Oleh Islam, sebagai muslim dilarang berbuat sawenag-wenang sekalipun yang
dipergunakan hak miliknya sendiri. Jadi soal kebebasan dalam Islam adalah
kebebasan yang diberi batas-batas tertentu, bukan kebebasan yang tanpa batas.
Ini dapat ditujukan dengan adanya sopan santun seksual, baik yang terdapat
dalam al-Qur’an maupun Hadits. Dengan adanya etika moral sosial dalam islam ini
berarti manusia tidak boleh menganut paham free
sex dalam melakukan persetubuhan, seperti halnya yang terjadi di Barat,
(Humaidi Tata Pangarsa, t.t.: 64-65).
Islam menetapkan ketentuan dan peraturan yang menganjurkan laki-laki
mempergauli isterinya dengan cara yang baik dan mulia seperti yang tersirat
dalam surat Al-Baqoroh ayat 223 yang sudah disebutkan di atas. Arti yang
bergaul yang baik dan mulia ini adalah agar dalam menunaikan kewajiban
melakukan hubungan seks, seorang laki-laki memandang isterinya bukan sekedar
pemuas nafsu syahwat belaka. Seorang isteri tidak boleh hanya dipandang sebagai
pelampiasan nafsu yang menekan dan hanya sebagai ajang seks.
Jika memang demikian sikap yang diambil maka kebahagiaan seks tidak akan
didapatkan. Islam juga telah menetapkan peraturan bahwa jika suami melakukan
persetubuhan dengan isteri boleh dengan sesuka hati dan berpose dengan berbagai
cara, baik dari muka maupun dari belakang. Namun jangan sekali-kali bersenggama
dengan melalui dubur, sebab hal itu tidak wajar. Dubur bukanlah ladang (fajri) dan bukan disediakan untuk
bersenggama, melainkan untuk mengeluarkan kotoran.
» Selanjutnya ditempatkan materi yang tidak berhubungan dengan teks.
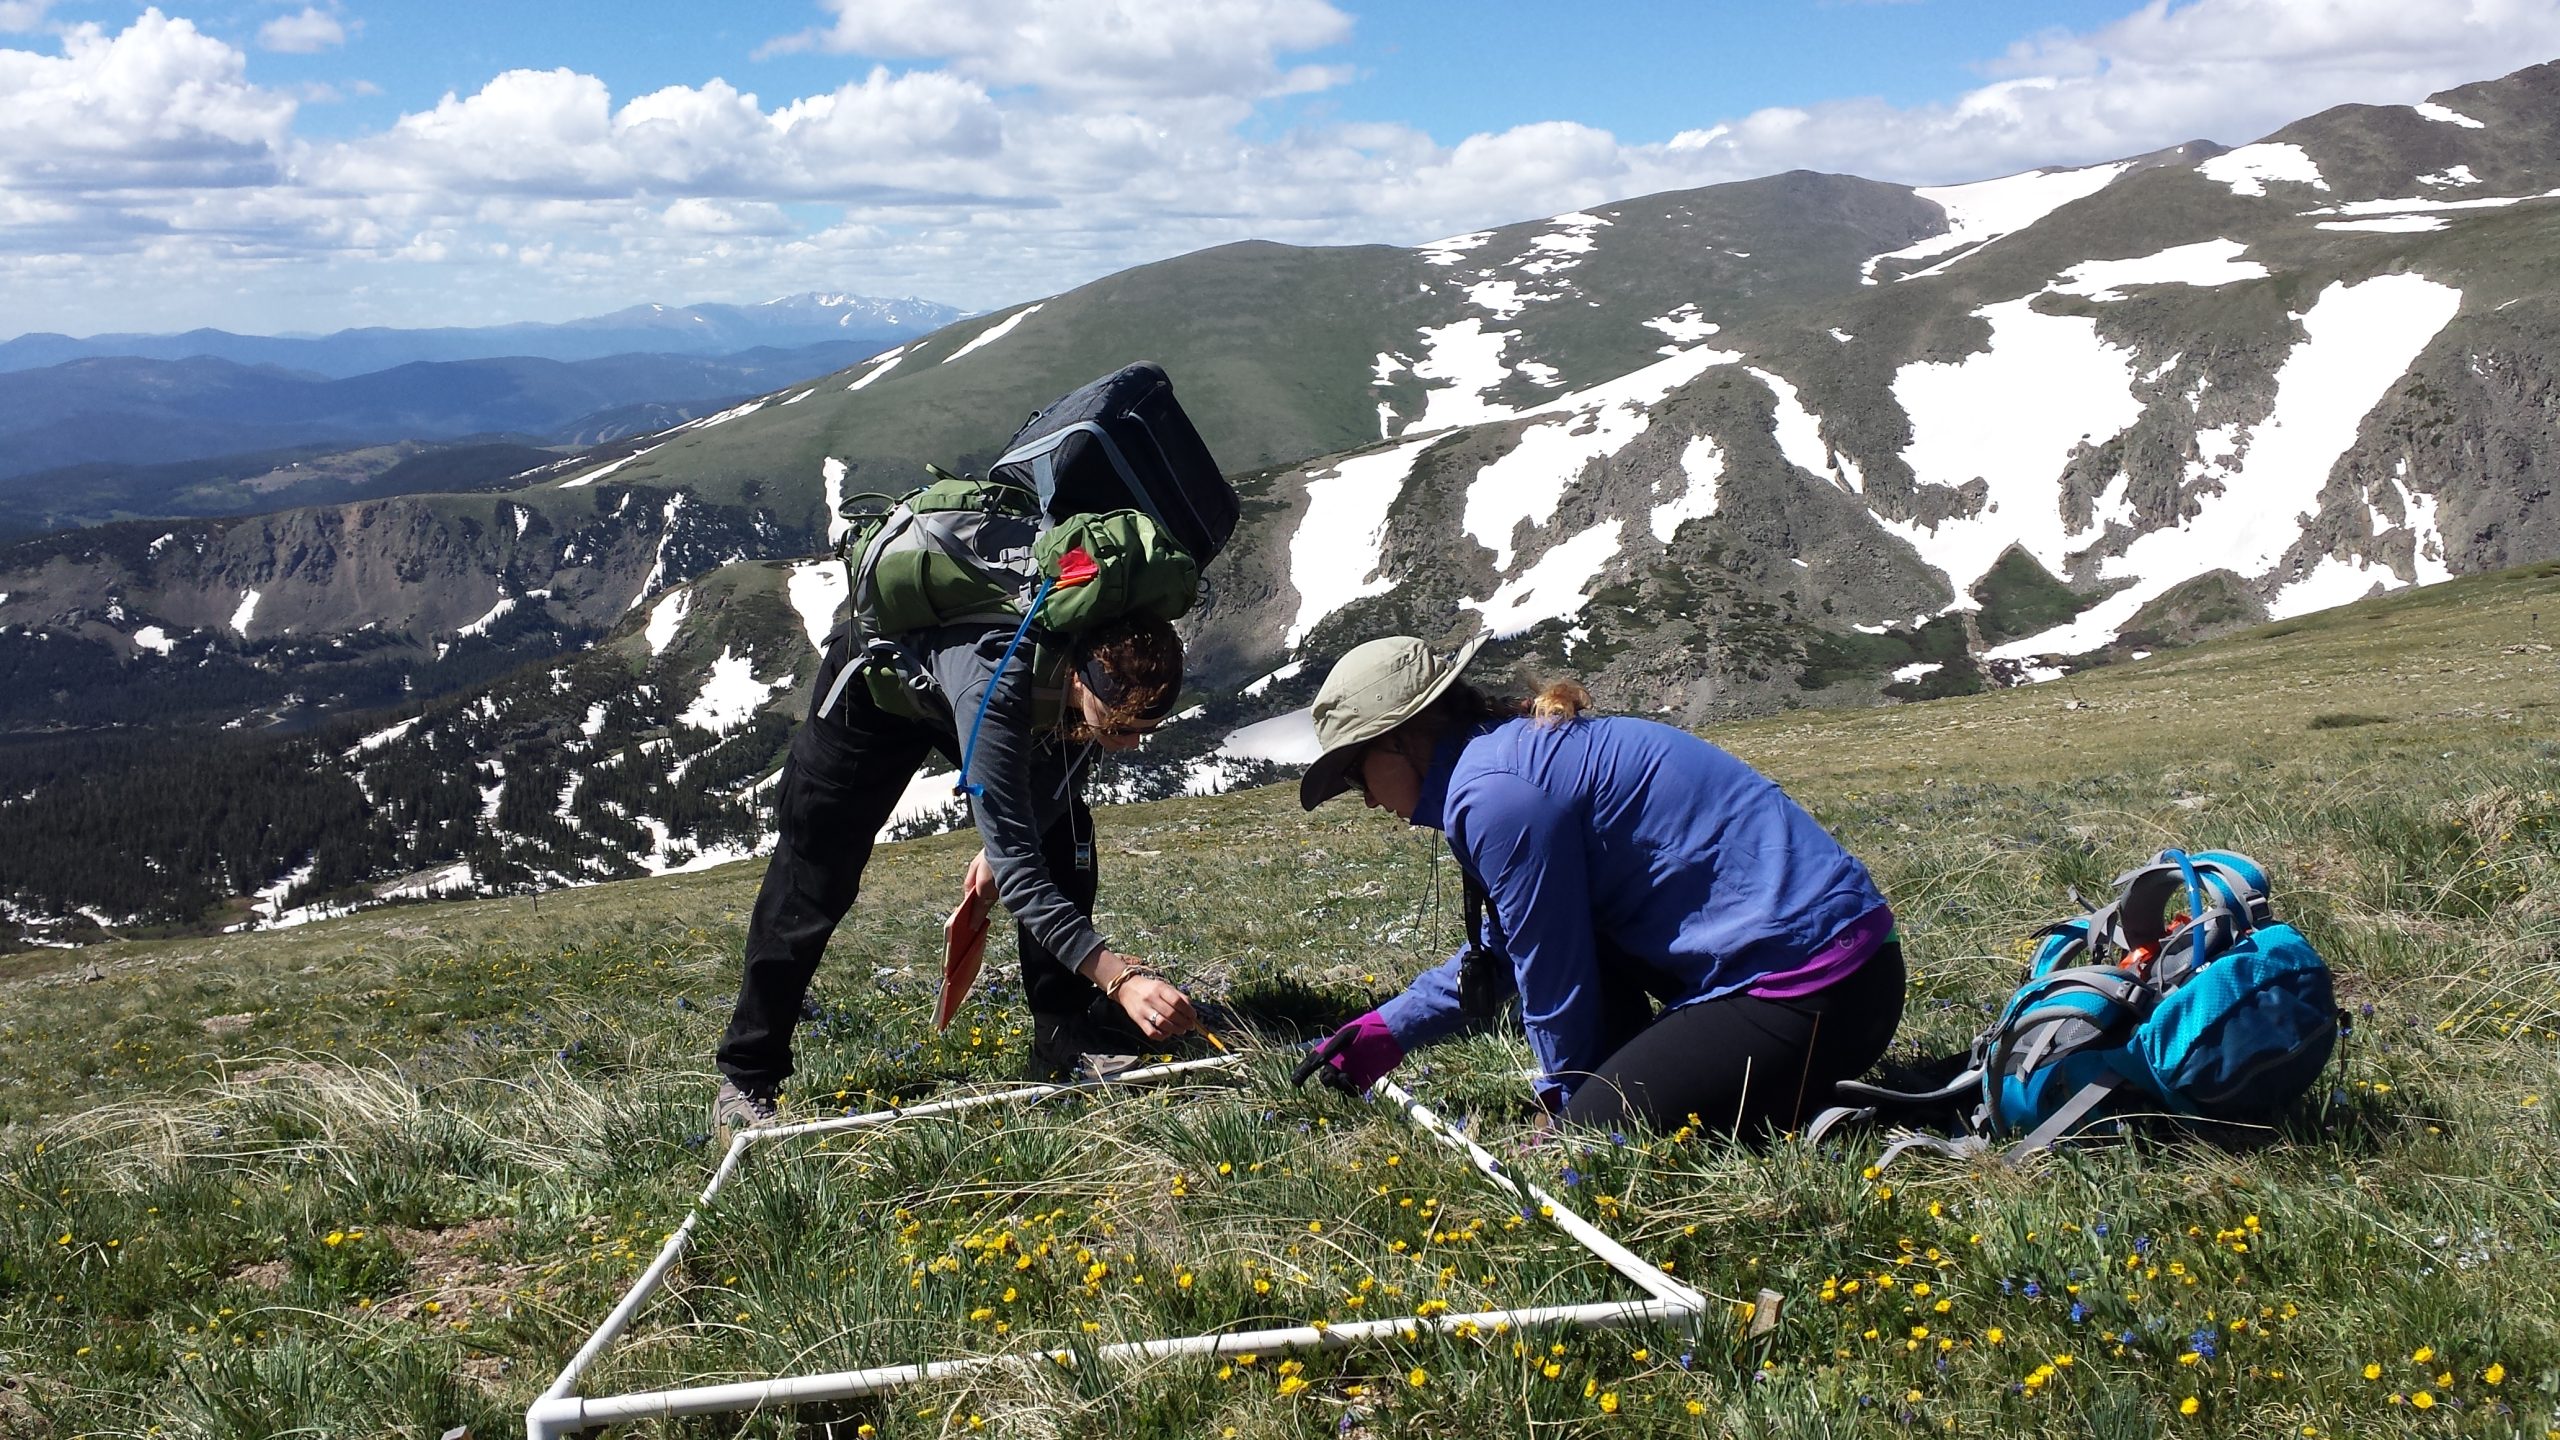 Researchers examine a patch of grass and flowers on a grassy mountain with snow covered mountains in the background.

Jelas bersenggama melalui
dubur sangat dilarang (haram hukumnya).
Rasulullah saw.,bersabda yang artinya: “janganlah kamu datangi isterimu lewat
dubur”, (H.R. Ahmad, Tarmidzi dan Ibn Majah).
Juga mengenai hubungan seksual isteri ini dilarang untuk diceritakan
dimuka umum kecuali berceritakan dengan seorang dokter untuk keperluan
pengobatan. Dalam perkawinan yang sah menurut Islam, walaupun hubungan seks
telah di halalkan melaksanakanya namun dalam pelaksanaan masih perlu
diperhatikan beberapa petunjuk agam Islam yang merupakan akhlak atau etika
seksualitas yang diajarkan Islam kepada segenap pemeluknya. Etika seksual yang
Islami ini menurut hasan Basri ada 8 langkah yang harus diperhatikan adalah
sebagai berikut:
1.
Diawali dengan persiapan yang indah, dengan kata-kata yang indah dan
merayu serta tindakan-tindakan yang merangsang dan menimbulkan kemesraan serta
hasrat seksual bagi pasangannya;
2.
Memulai dengan basmalah dan do’a;
3.
Tidak melakukan ‘azl tanpa izin
sang isteri. ‘azl atau coitus intereptus adalah kegiatan suami
sewaktu bersetubuh yang menarik alat kelaminnya dari liang vagina pada saat
sebelum terjadi pemancaran sperma (ejakulasi), dan menumpahkannya di luar
vagina;
4.
Jangan tergesa-gesa meninggalkan isteri. Suami jangan cepat-cepat menarik
atau mengeluarkan penisnya sebab sangat besar kemungkinan isteri belum mencapai
dan sedang berusaha mencapainya;
5.
Bersyukur dan berterima kasih, bila keperluan dilaksanakan dan
alhamdulillah telah mencapai tujuannya maka sangatlah pantas jika kita
bersyukur kepada Allah dan berterima kasih kepada suami atau isterinya.
6.
Jangan mendekati isteri selagi haid;
7.
Mandi wajib sesudah berhubungan kelamin;
8.
Menjaga rahasia suami isteri.
Agama Islam dan adat istiadat memberikan tuntunan dalam kehidupan seks
dimana segala aktivitas seksual adalah resmi dan bertanggungjawab serta
menjungjung tinggi nili keperawanan. Masyarakat Indonesia masih memiliki
kontrol sosial yang kuat terutama di desa-desa karena mereka masih hidup dalam
satu kelurga. Saling ingat mengingatkan dan tolong menoong. Sehingga tidak
mudaj bagi sepasang muda-mudi untuk berbuat aktivitas seksual tanpa kawin.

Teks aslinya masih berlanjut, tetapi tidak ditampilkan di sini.